Late Sonata (Brio Books 2020) is the winner of the 2020 Seizure Viva La Novella Prize, by author Bryan Walpert. While Walpert has published short stories, scholarly works, science writing and poetry, this is his first novel-length (or novella-length) work.

Late Sonata is a beautiful rendering of two distinct story lines related to ageing. The main thread relates to married couple Stephen and Talia. Stephen, a writer, is rather reluctantly editing his wife’s last book, an academic study of Beethoven’s sonatas, while coping with her rapid deterioration from Alzheimer’s, and while they both deal with the loss of their son. As Stephen trawls through Talia’s meticulous notes and research, he discovers a secret that forces him to reconsider the truth about his family, at a time when he cannot confront his wife about it because her mind is too far gone to reason with her.

The secondary thread is Stephen’s own work of fiction about an experimental treatment for ageing. The narrative slips seamlessly between these two storylines, so that they almost appear as simultaneous, until we remind ourselves that one is the fiction Stephen is writing, and one is the fiction written by the actual author Walpert. The effect is a metaphysical sort of mental challenge.

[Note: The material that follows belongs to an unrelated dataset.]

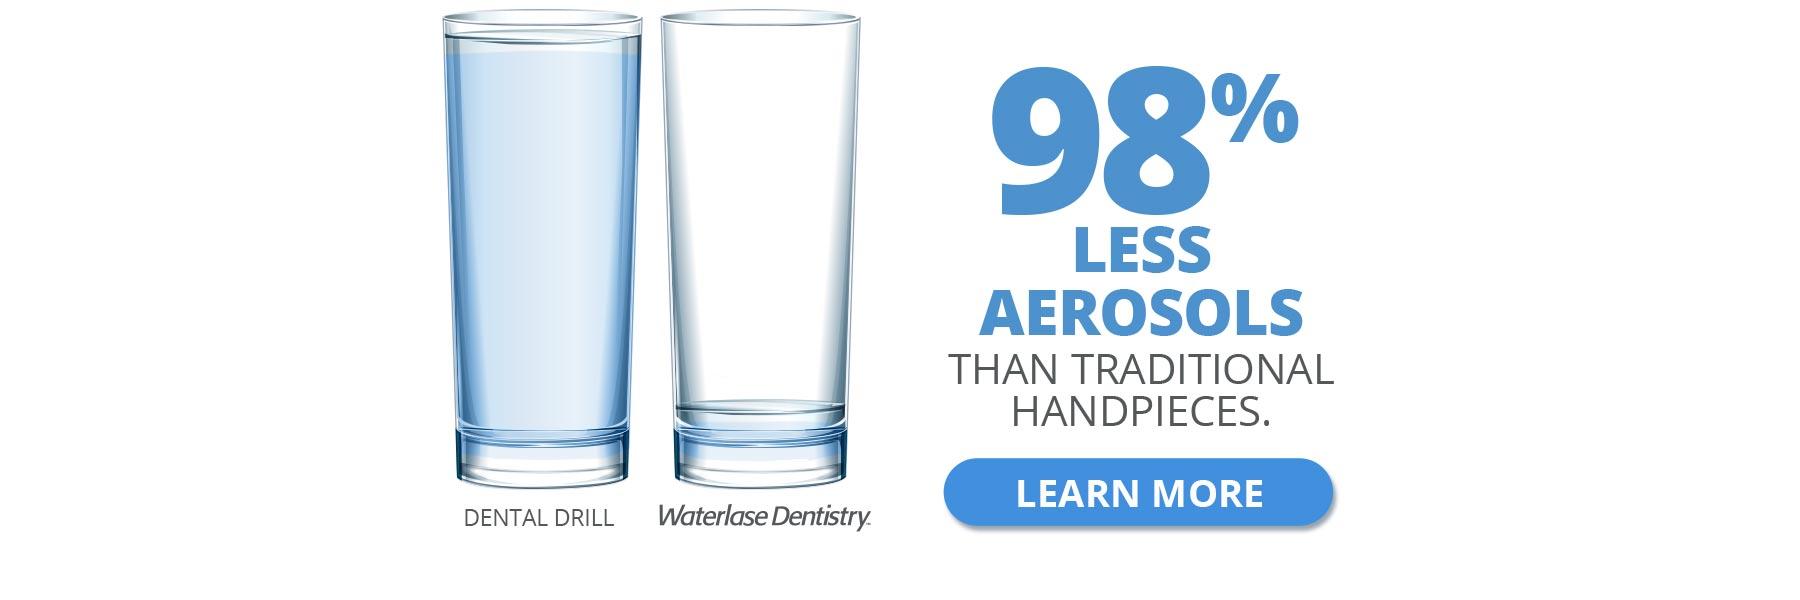 98% Less Aerosols
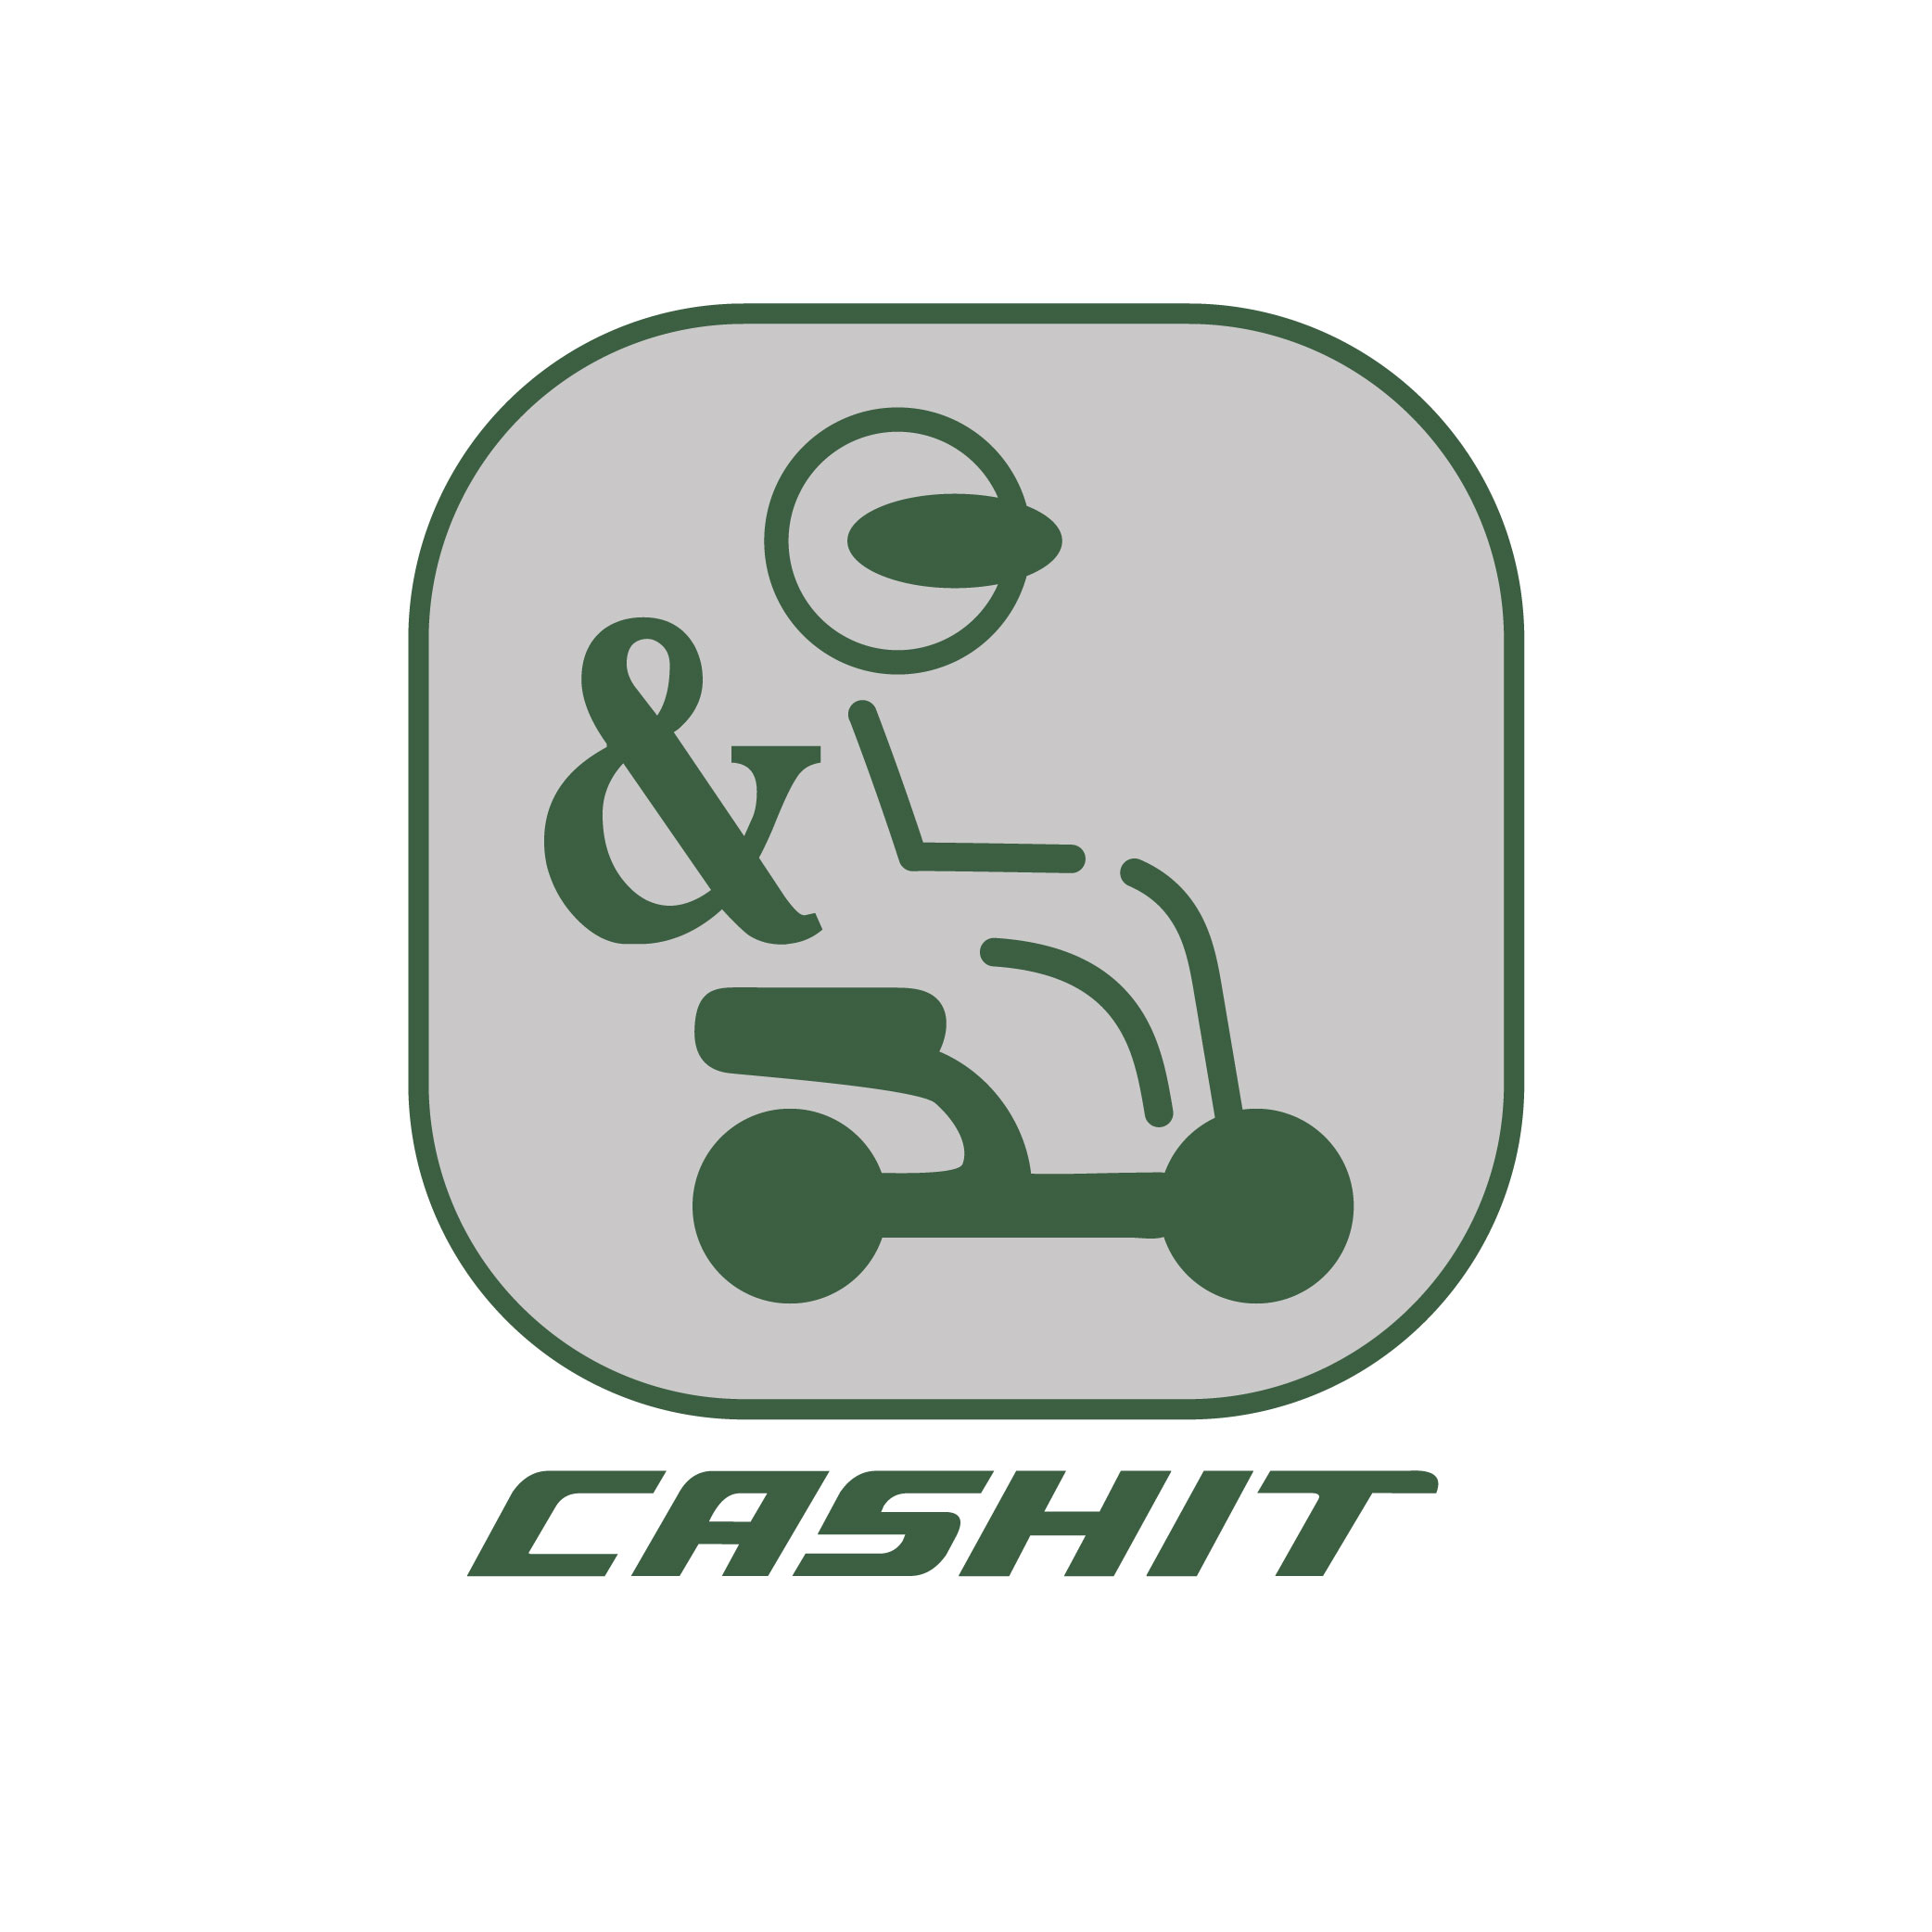 Логотип для Cash & IT - сервис доставки денег фото f_2415fd8354ba2da8.jpg

The couple are long-term friends with Geoff and Anna, and their complex relationship dynamics gain increasing tension as the book proceeds, with the resolution being surprising and shocking and yet somehow full-circle serendipitous. With its focus on aging, memory and the power of forgetting, truth and deceit, marriage, infidelity and the legacy of long-term commitment, this slim book is a compelling portrait of the intimate lives of two people.